Oggi, 4 febbraio, si celebra la prima edizione della Giornata Internazionale della fratellanza umana. Proclamata dall’Assemblea Generale delle Nazioni Unite, essa ha l’obiettivo di promuovere il dialogo interreligioso e interculturale nel mondo.
Occasione di riflessione in questo tempo che ci mette ancora e così lungamente alla prova e nel quale infuria il dibattito su modello economico e sistema politico.
Da cosa viene la salvezza?
Ma cosa ci serve davvero? La nostra “salvezza” può derivare dalla politica o dall’economia? Il vero termometro della società non sta, piuttosto, nella nostra capacità di essere solidali, umani e giusti?
Non può esistere un nuovo modello economico e politico senza una profonda riflessione sul nostro sistema umano, di relazioni, di scambio e di capacità di essere insieme e fare comunità. Basterebbe sforzarsi per compiere quelle azioni che derivano dalla consapevolezza e dalla responsabilità e dalla libera scelta delle persone.
Salire sulla scala evolutiva
Se è vero che venti persone detengono la ricchezza che basterebbe per sfamare l’intera popolazione umana, forse una riflessione si impone. È giusto e buono lavorare sul modello economico, migliorarlo, generare impatti meno invasivi sull’uomo e l’ambiente, ma occorre un passo ulteriore su quella scala della civiltà in senso evolutivo. Serve un’adesione massiccia, dei grandi poteri, a questo concetto della fratellanza, che non si risolve nel banale e vittimistico concetto del “dare al povero”, ma si sostanzia in un nuovo dialogo, in quella capacità di creare le condizioni di base affinché siano riconosciute a tutti dignità e partecipazione. Un concetto ancora più alto di quello di solidarietà, che va oltre e genera virtù, sviluppo, condivisione.

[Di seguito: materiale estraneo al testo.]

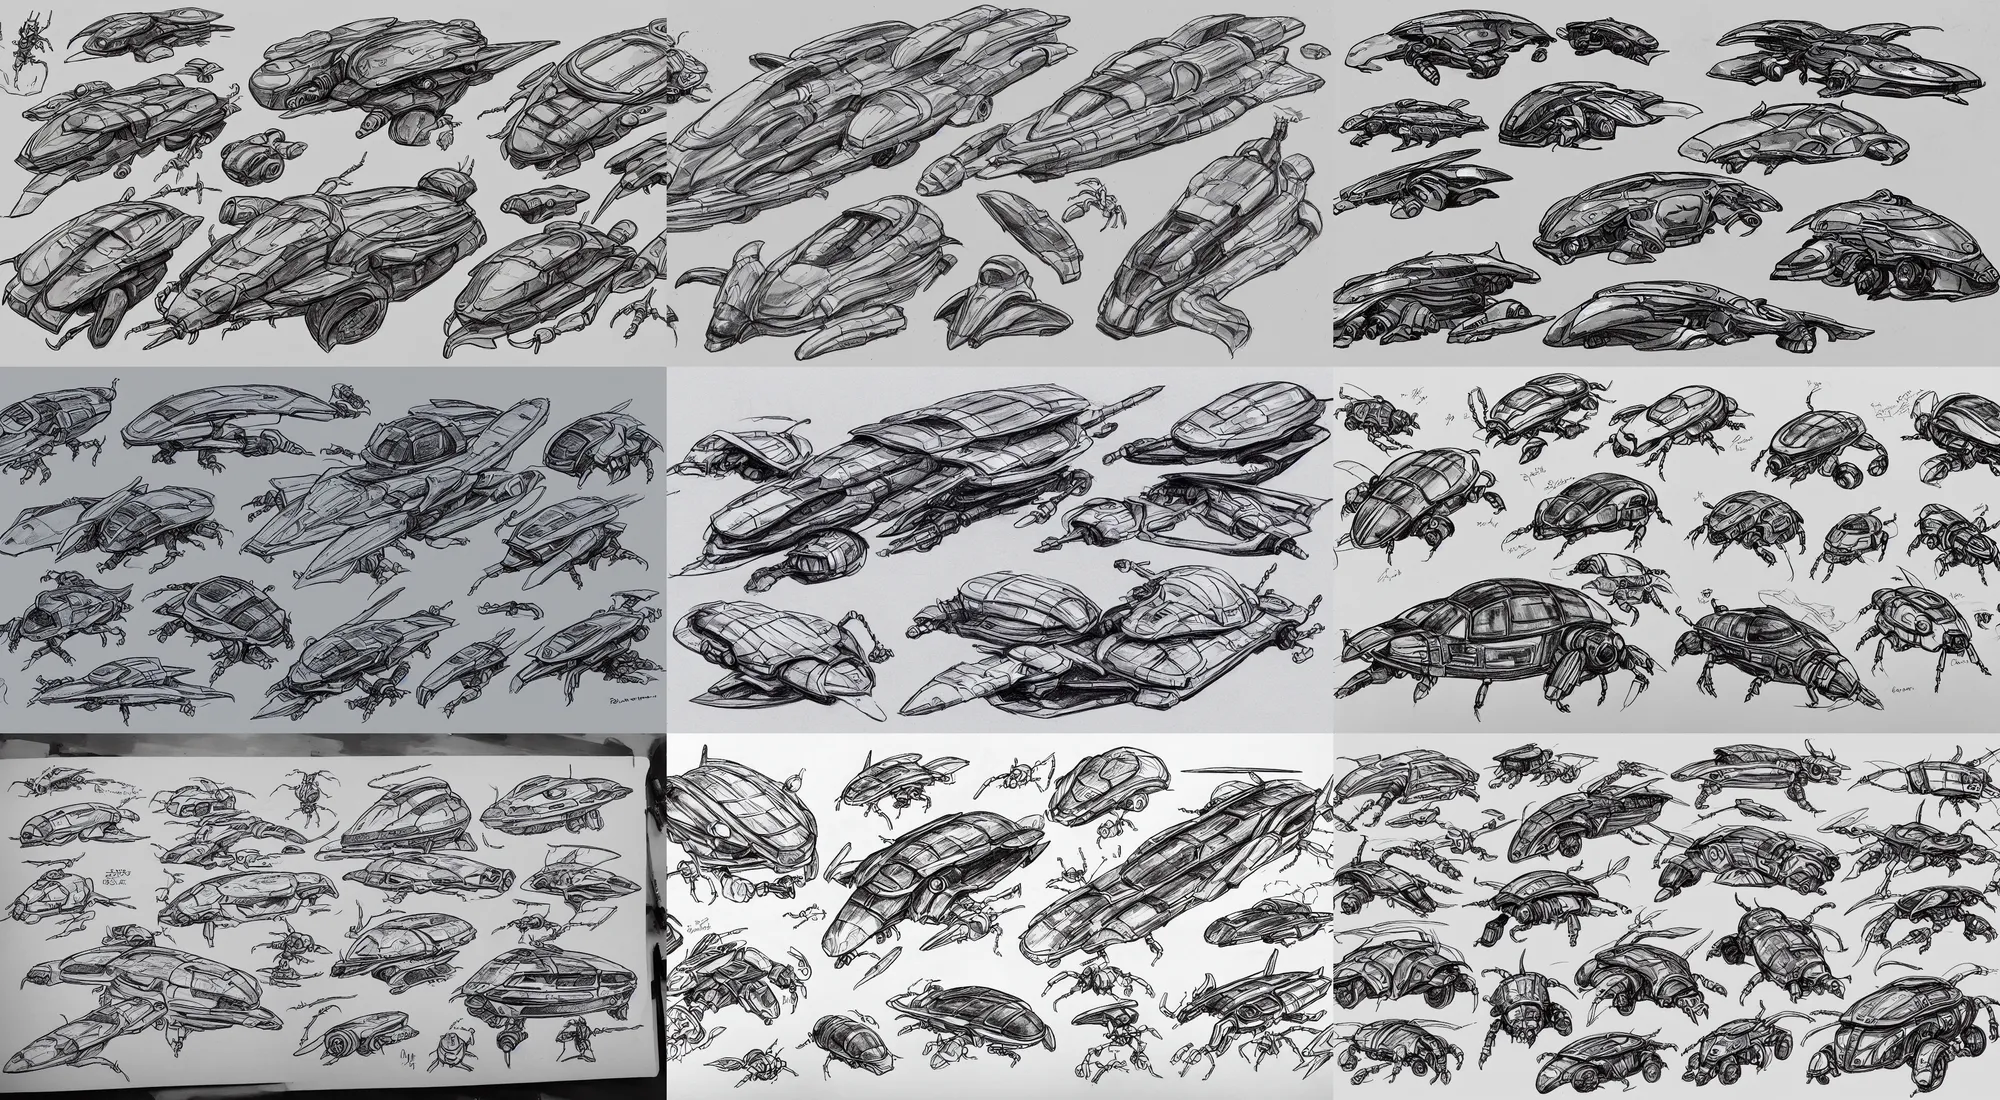 Prompt: beetle spaceship sketches

Una involuzione della specie?
Purtroppo, sempre più spesso, nel suo stare al mondo l’uomo sta vivendo in una cattività artefatta che va oltre l’accettazione costitutiva di ciò che è l’umanità. Sembra di essere davanti ad un cambio di specie, una sorta di involuzione antropologica, genetica, biologica e spirituale. Siamo certi che quella che stiamo sempre più affermando, sia la specie umana? Una specie che “divora” e “avvelena” i suoi simili? Che fa morire i bambini? Che violenta ed umilia le donne? Che fa morire di fame intere popolazioni? Che abdica al proprio ruolo di cura della res publica per interessi egoici, prevaricatori, sleali, ed eterodiretti da coloro che si percepiscono i grandi poteri. L’invocazione ai soliti buoni principi ad uso della manipolazione del momento viene svolta senza nessuna profondità di pensiero e di coscienza. E il problema non è tanto l’accentramento del potere, quanto l’esercizio di esso in assenza di umanità, di cultura e di civiltà. Assistiamo e spesso diventiamo protagonisti di un esercizio di prevaricazione atavico che sta diventando la normalità nei rapporti umani, come un virus, altro che covid, che si è innestato e sta incancrenendo.
Una nuova umanità
Un nuovo modello economico, sociale e politico è possibile, ma va invertita la rotta del nostro essere e percepirci umani. L’economia, infatti, è data dalla relazione generativa tra il capitale umano e i capitali tangibili e intangibili che costruiscono il valore nel senso più ampio possibile. Pertanto non possono essere riforme o singoli individui a salvarci! Abbiamo bisogno, piuttosto, di un nuovo modello di relazioni e di convivenza come strada maestra per l’umanità e per le comunità.
D’altra parte, cos’è l’economia se non la scienza dell’uomo? La cura della casa dell’uomo?
Per questo serve rinascere ad un nuovo umanesimo integrale nell’economia e nella vita, dove tutto è interconnesso, si sviluppa assieme e fa parte di un unico e solo ecosistema. Dove tutto è nuova umanità.